Agents price $421 million of structured products in uncertain market; S&P 500 index trades dominate

By Emma Trincal

New York, Feb. 8 – Agents priced $421 million in 108 deals last week, a relatively average volume size for the start of a month, according to data compiled by Prospect News.

But it was a week at the crossroad of the end of January and the start of February, complicating the assessment of volume strength. Volume was dwarfed by the prior week’s $2.13 billion, which closed January.

But many months have begun on a stronger footing, according to the data.

Uncertainty, yet low vol.

The markets were mixed last week, with president Donald Trump’s travel ban continuing to have negative repercussions on investors’ sentiment. But a strong jobs report on Friday helped the benchmarks jump back up, near record highs.

Some said different forces in the market may confuse investors and reinforce a sentiment of uncertainty, which technically should cause the market to trade in a range. Others state that the Trump pro-growth story is still driving a sustainable rally, pushing investors to buy bullish notes with return enhancement features such as leverage and to seek uncapped returns versus buffers.

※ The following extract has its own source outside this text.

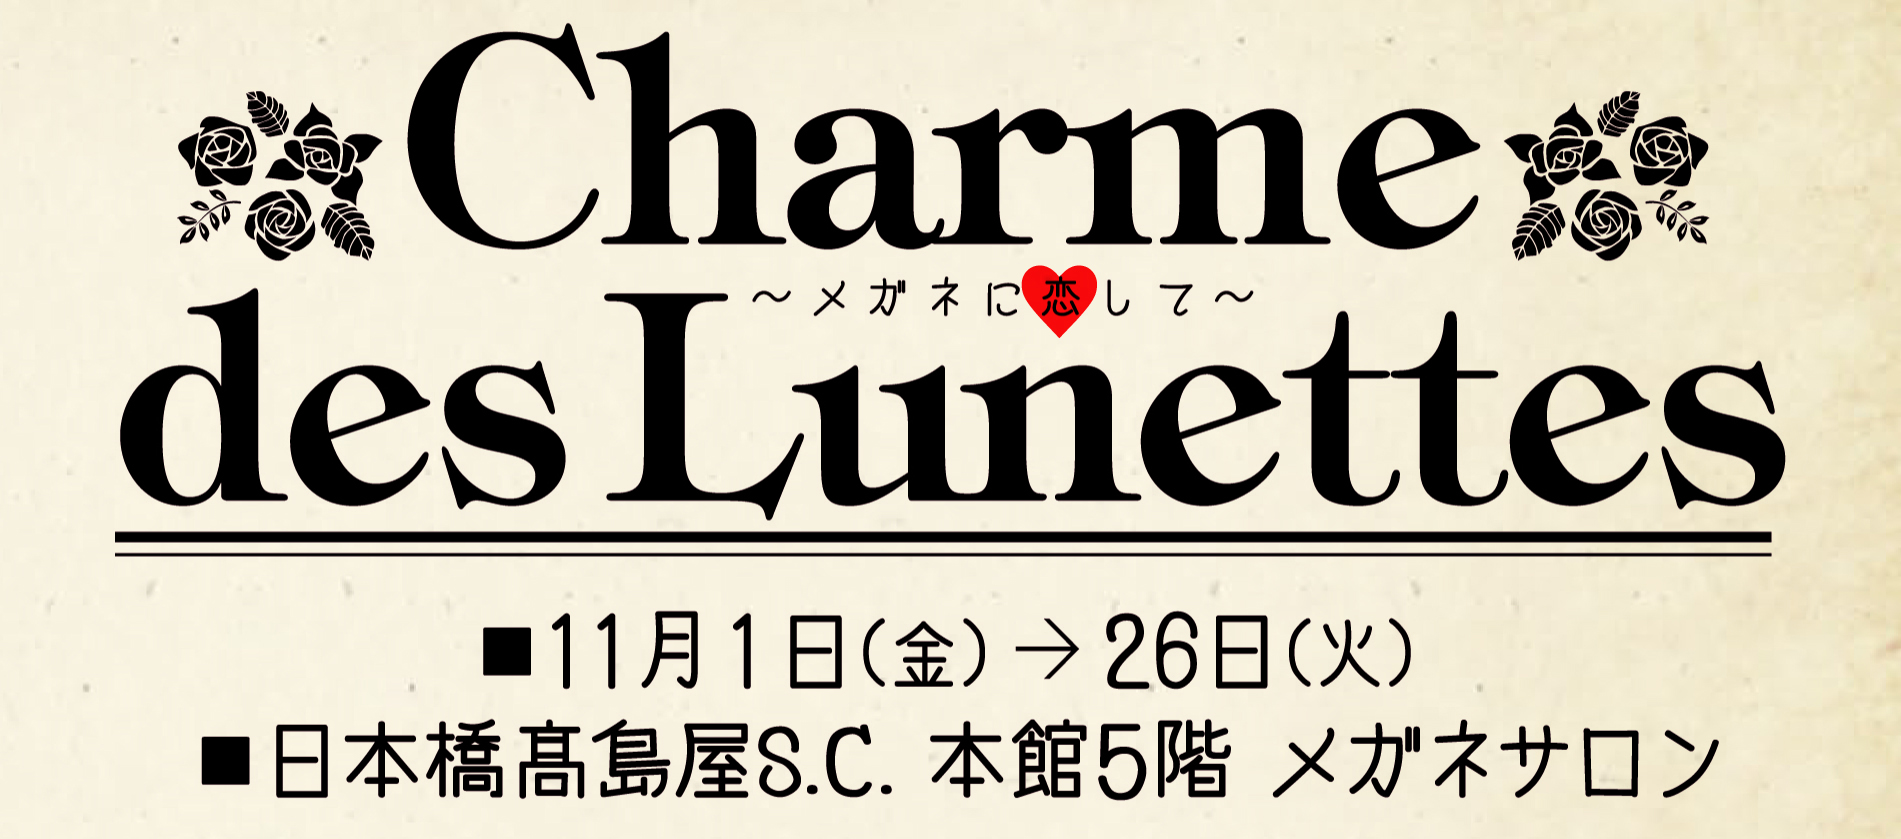 「Charme des Lunettes～メガネに恋して～」 日本橋髙島屋S.C.本館メガネサロンにて開催のお知らせ
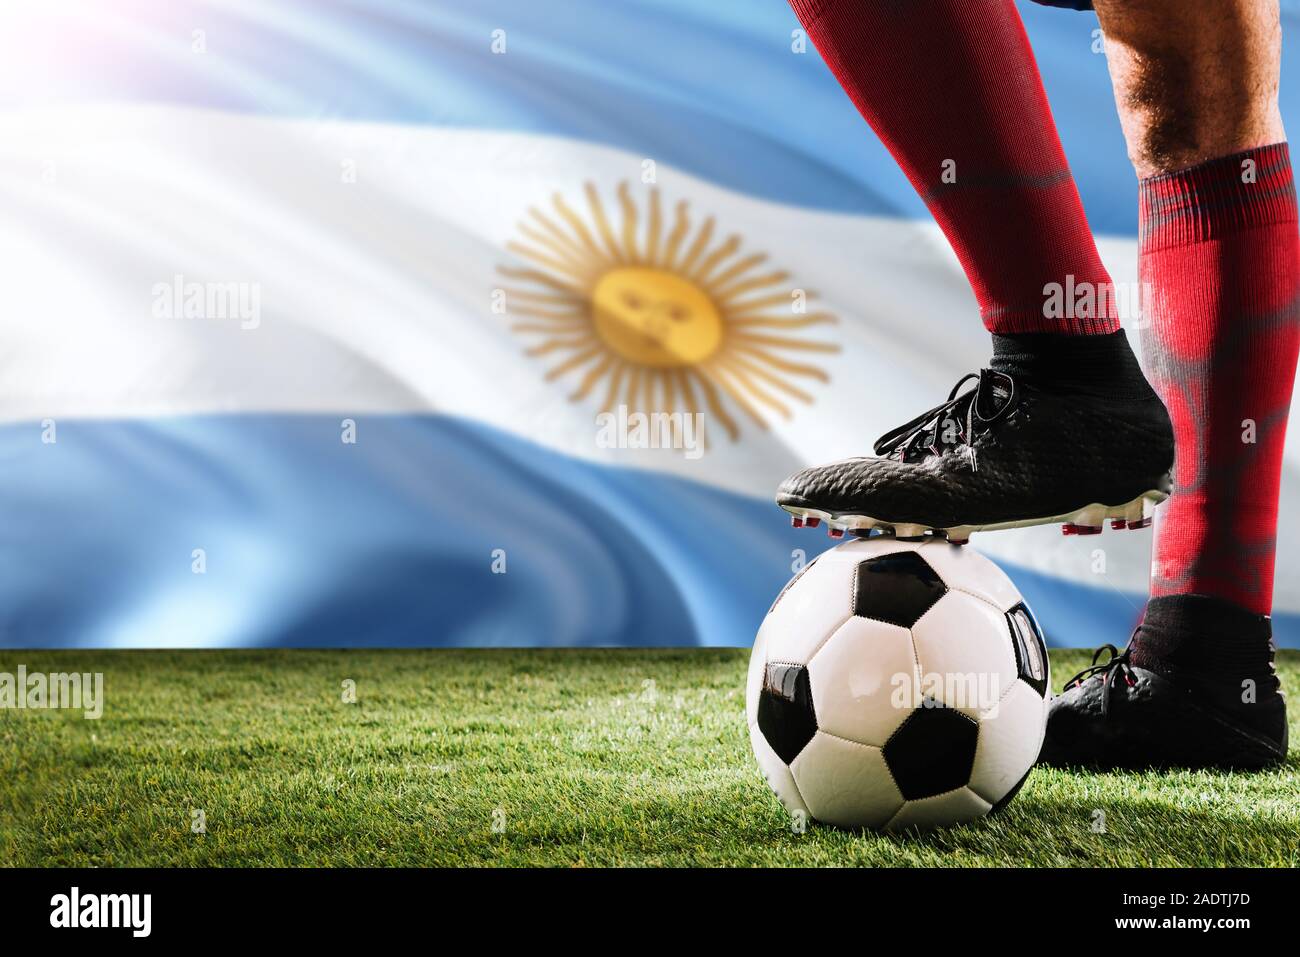 Nahaufnahme Beine von Argentinien Fußball Team Player in roten Socken,  Schuhe auf Fußball im Free Kick oder elfmeterpunkt Spielen auf Gras  Stockfotografie - Alamy

This bullish sentiment is reflected in last week’s data on leveraged products: while leveraged notes with buffers or barriers accounted to12% of the total, leverage with full downside exposure made for 35% of the volume.

“Volatility is still low and that’s because the growth policy of Mr. Trump is supporting equity markets,” said a sellsider.

A second factor, he added was “a shift” from institutional investors, hedge funds and mutual funds to increase their equity allocations.

“That too reduces the vol.,” he noted.

“Finally you have relatively accommodating interest rates policies worldwide despite the U.S. shifting to higher rates, although the Fed has yet to implement it. It always takes longer than anticipated.”

Volatility skew

This structurer said that talking about implied volatility without taking into account the volatility term structure can be misguiding.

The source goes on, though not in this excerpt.